Gio Gonzalez threw 114 pitches Sunday, the most he’s tossed since last season. (Mitchell Layton/Getty Images)

Gio Gonzalez often gets a little frustrated after losses but is not the type to let animosity linger. So when he suggested his manager, Dave Martinez, took him out too soon when he removed him in the sixth inning in his previous start, the two talked it over. Both of them seemed just fine with where they left things, neither bullied into submission nor storming away misunderstood.

But on Sunday, with few fresh arms in the bullpen and a tight lead to preserve, Martinez left Gonzalez in to pitch the seventh inning. Gonzalez put two men on, sliding into the kind of mess that has so often consumed this team late.

Then, in what amounts to a total reversal of fortunes for the Nationals, he got out of it. Something went right. Brandon Kintzler and Sean Doolittle handled the eighth and ninth. Washington salvaged a 3-1 win from an otherwise damaging series against the Arizona Diamondbacks and moved back to four games under .500.

“I knew [Gio] wanted to finish that inning in San Francisco, so I was going to hold him to it if he didn’t go back out and finish it. I was rooting really hard for him.” Kintzler said. “I was rooting for a lot of runs, to be honest with you.”

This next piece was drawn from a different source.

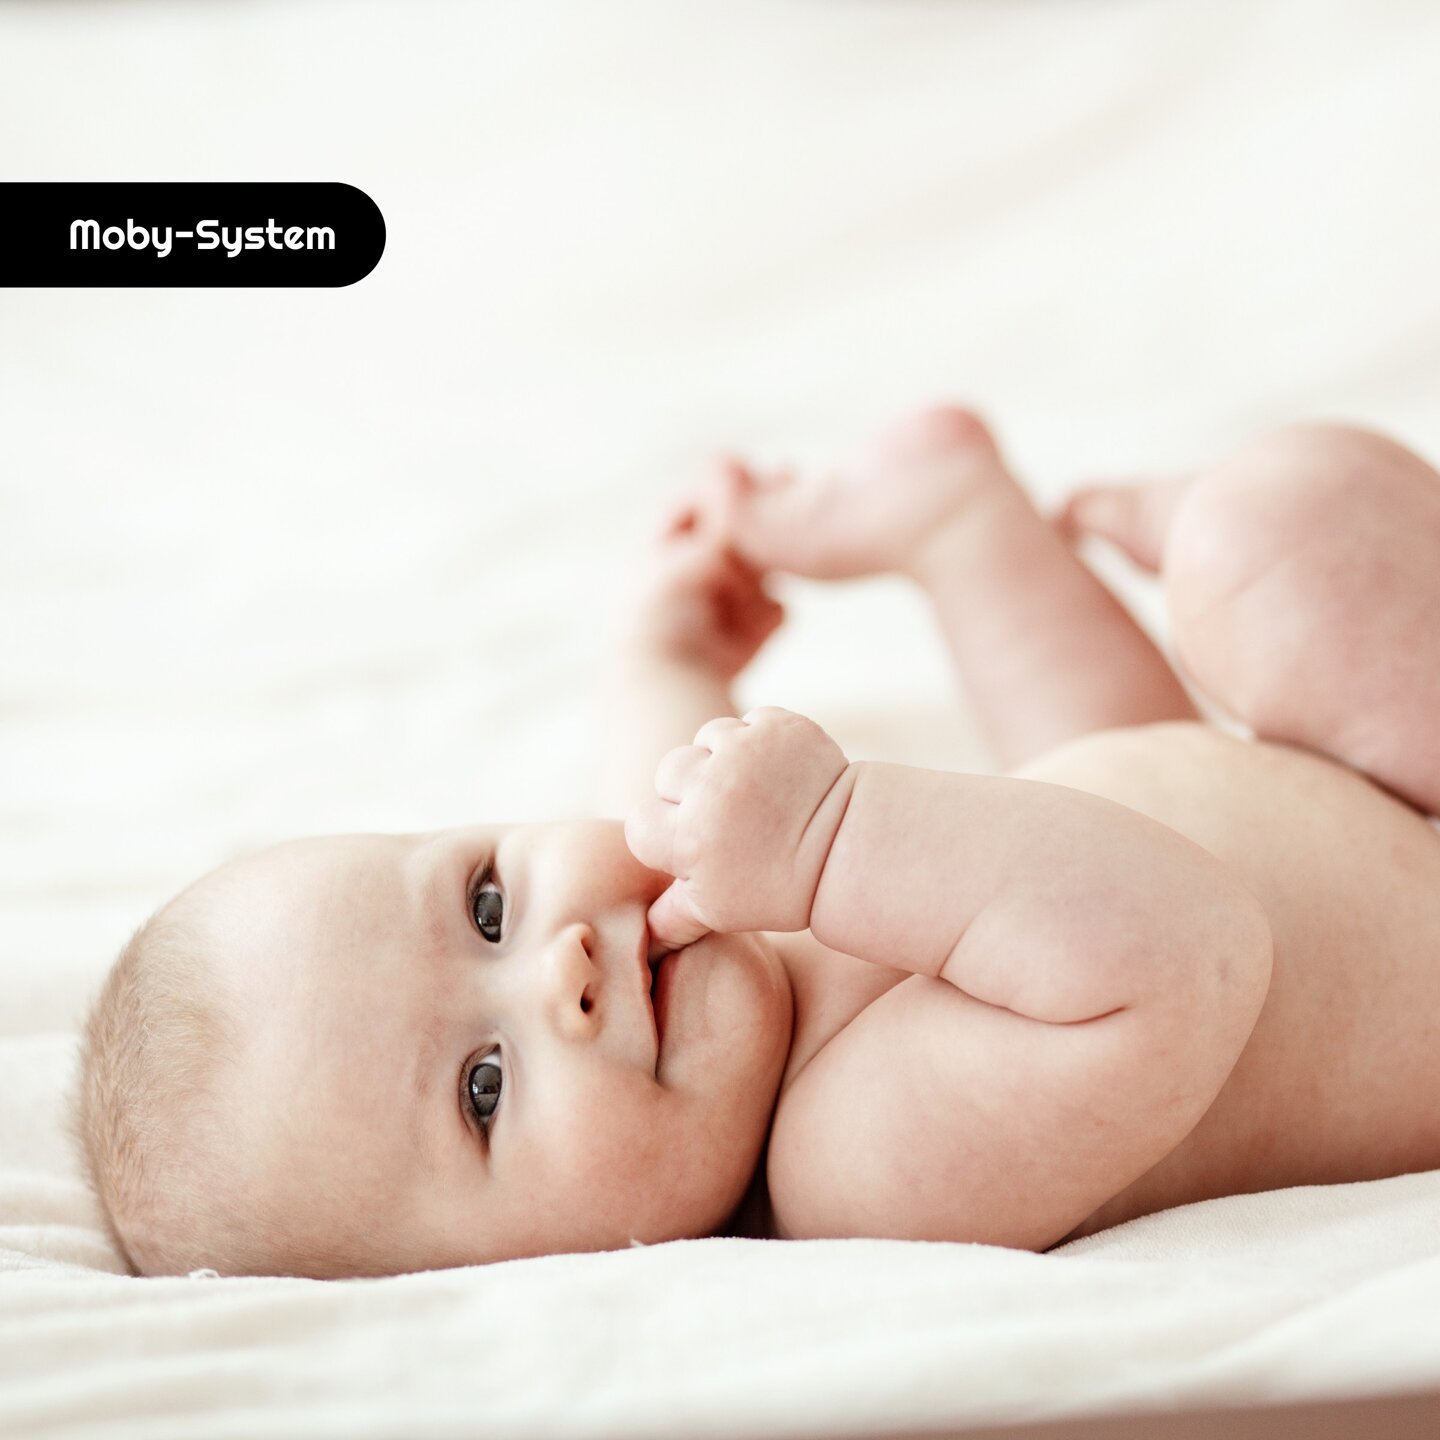 Ergonomiczne nosidełko dla niemowlaka - AMY 10w1 - 0-36 miesięcy, szare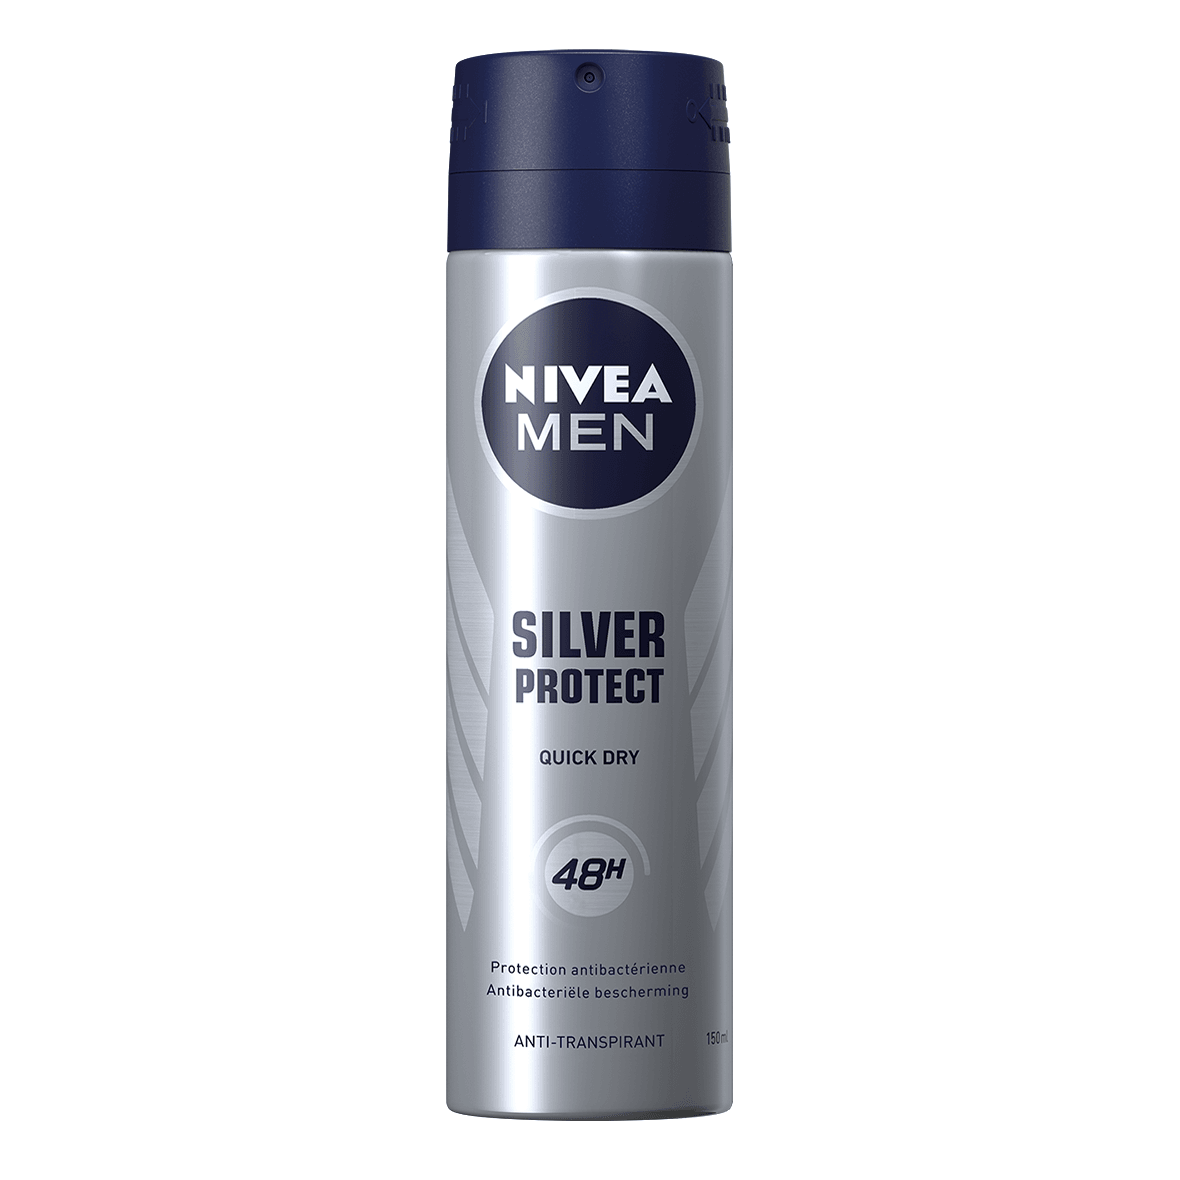 Nivea Men Spray Deodorant 150mlNivea Men Silver Protect Spray Deodorant 150mlorabelca

Gonzalez did allow one run on a sacrifice fly in that inning, but he left with a lead after seven innings in which he allowed that run on six hits and 114 pitches, the most he has thrown since Aug. 31.


Michael A. Taylor celebrates a solo home run in the third inning. (Mitchell Layton/Getty Images)

But that Kintzler was rooting for runs hints at the reason winning one game has been so hard for this team — let alone compiling the kind of winning streak the Nationals need to get back to where their expectations and outside projections suggest they belong. Six of their past seven games have been decided by two runs or fewer. Three of their relievers have appeared in at least half of their 28 games.

For weeks, the running joke in the bullpen has been every game was close. The term “joke,” of course, is used loosely here. After weeks of constant use because of the Nationals’ inability to add to leads, Kintzler, Sammy Solis, Ryan Madson and Doolittle have nothing to do but pitch, hope their arms hold up and pray for blowouts. They did not get one Sunday, so they and their teammates were left to pray for Gonzalez’s good fortune instead.

“[Gonzalez] knew we needed to keep going. He showed a lot of guts to get through it,” catcher Matt Wieters said. “. . . I just kind of kept telling him, ‘One more. Just get one more.’ ”

“Just one more” might as well be the mantra for this offense right now. It is struggling to add even a few runs to leads — though the fact that this injury-riddled lineup is building leads at all should count for something.

Former Nationals prospect Robbie Ray started for the Diamondbacks but left the game abruptly in the second with a strained oblique. Wieters was batting at the time, and the Diamondbacks replaced Ray with another lefty, T.J. McFarland. Wieters caught McFarland for four years in Baltimore and looked comfortable hitting against him as he belted a home run to left-center to give the Nationals a lead. They eventually loaded the bases later that inning, building a chance to blow the game open and send the Diamondbacks into bullpen preservation mode. Ryan Zimmerman pushed home a run by reaching on an error. Bryce Harper grounded out to end the inning.

Michael A. Taylor added a home run in the third, which gave the Nationals their biggest lead of the back-and-forth series. In addition to missing Adam Eaton, Anthony Rendon and Daniel Murphy because of injuries, the Nationals were effectively missing Wieters and, at times, Taylor. They entered Sunday hitting .200 and .220, respectively.

A hot streak from either man would lessen the load on Harper and Zimmerman and reduce the need for production from less experienced players. Somebody has to help this offense, which has been unable to build on its initial leads — and therefore has thrown the weight of its season on a bullpen not built to withstand it. Madson and Solis were unavailable after working two days in a row. Doolittle was pushing through his third straight outing. Kintzler pitched for a second consecutive day. Because the game was too close to go to less-taxed, less-experienced relievers such as Trevor Gott or Austin Voth, the only way to preserve innings was for Gonzalez to eat them. This time, Martinez let him do that.

“I think [Martinez] did a great job by feeling confident in me, letting me go out there and definitely helping me feel a little bit better about saving some arms in the ’pen,” Gonzalez said. “. . . It was a good feeling when you have Sean Doolittle embrace that and acknowledge it. And then you have [Kintzler] doing the same thing, saying, ‘You saved some arms out there.’ ”

Doolittle will not be available Monday night against the Pittsburgh Pirates because he has thrown three straight days. Kintzler only will be available in an emergency because he has thrown two straight. Winning streaks are hard to come by when close games are a habit. Winning streaks are impossible to come by without the first win. At least now Gonzalez and the Nationals have that.